The Warmest December by Bernice L. McFadden

The Warmest December by Bernice L. McFadden

Author:Bernice L. McFadden [McFadden, Bernice L.]
Language: eng
Format: epub
Tags: Fiction, African American, Contemporary Women
ISBN: 9781617750359
Google: __nyxYnitwkC
Amazon: 1617750352
Publisher: Akashic Books
Published: 2012-01-15T05:00:00+00:00


Chapter Twelve

I left Hy-Lo and went home to search through old pictures, looking for the periods in my life when I was happy. Black-and-whites, colored photos, and bent and ragged Polaroids lay scattered around me. We had boxes of pictures. Endless squares of memories that marked each year of our lives. I snatched up picture after picture and put aside the ones that showed me smiling. Out of the hundred or so that lay around me, I was only smiling in fourteen.

I looked at each one carefully, searching for a trace of real happiness, but after more than an hour I found only three where my smile was genuine. The others held smiles that had been asked for. “Smile for the camera.” “Say cheese, Kenzie.”

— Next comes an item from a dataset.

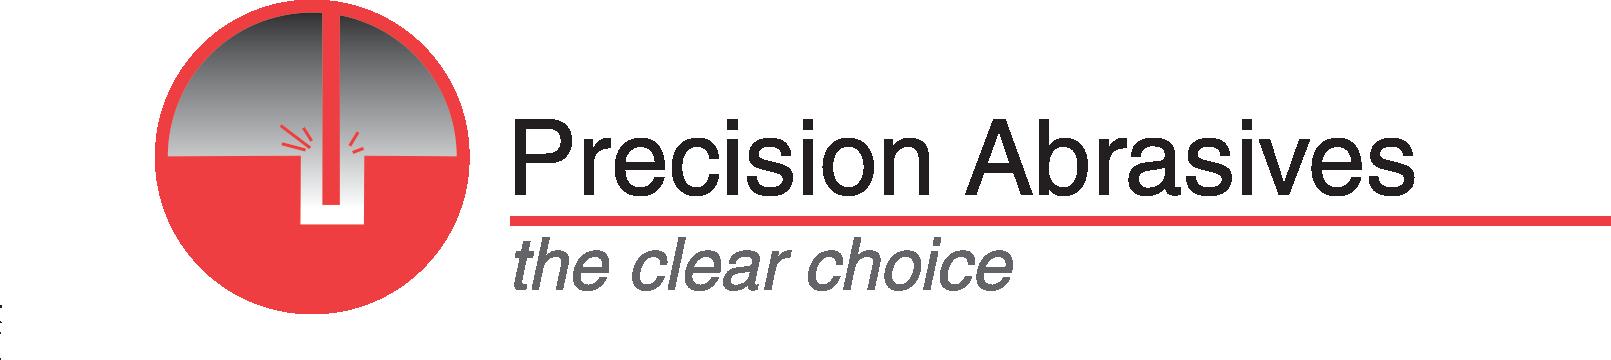 new_Pecision Abrasives_tagline.png

Even the pictures of my time spent away from our home showed unhappiness. By then, though, I had been unhappy for so long that it had penetrated my features and had taken hold of my character.

I looked again at the younger me surrounded by my classmates. Them grinning, me grimacing. I stood up and looked at myself in the mirror, still grimacing, still sad, still unhappy.

Mable was the one who had suggested it. I had no idea that anything like it really existed outside of the movies.

Boarding school.

She had a book full of them. Schools all over the country.

Schools that had classes that would enrich the lives of young adults. That was their line. The small black-and-white pictures in the book reminded me of the colorful glossy brochure I had from Camp Crystal Lake. Laughing children. Most of the faces were white. Others were Asian. Very few were black.

“You remember Jessica Nettles from around the corner?” Mable was talking fast and low as if someone would walk in at any moment and catch her sharing a secret with me. “Well, she went to one of these schools, she loved it, and now she’s in college somewhere down south. Black college, I think.”

She moved to the kitchen and grabbed the dish towel off its hook. Nothing needed wiping; she just needed to have something in her hands, something to twist and curl. “They have classes that you wouldn’t get in regular schools. They do things these city schools don’t do.”

I listened to her go on and on as if she were the national spokesperson for boarding schools. I flipped slowly through the pages of the book, through Arizona, Colorado, Delaware. There was at least one school in every state.

“Could I come home on the weekends?” I asked, cutting off Mable’s continuous babble.

She stopped midword and looked at me. “Why would you want to, baby?” she asked without even a hint of humor behind it.

She was afraid for me, afraid of who I might become living with Hy-Lo and Delia. She was afraid for Malcolm too, but would have to deal with us separately.

“Well, it’s just that some of these schools are so far away from home. I mean, could I come home when I wanted to?”

What I wanted to ask was, could I come home if I needed to.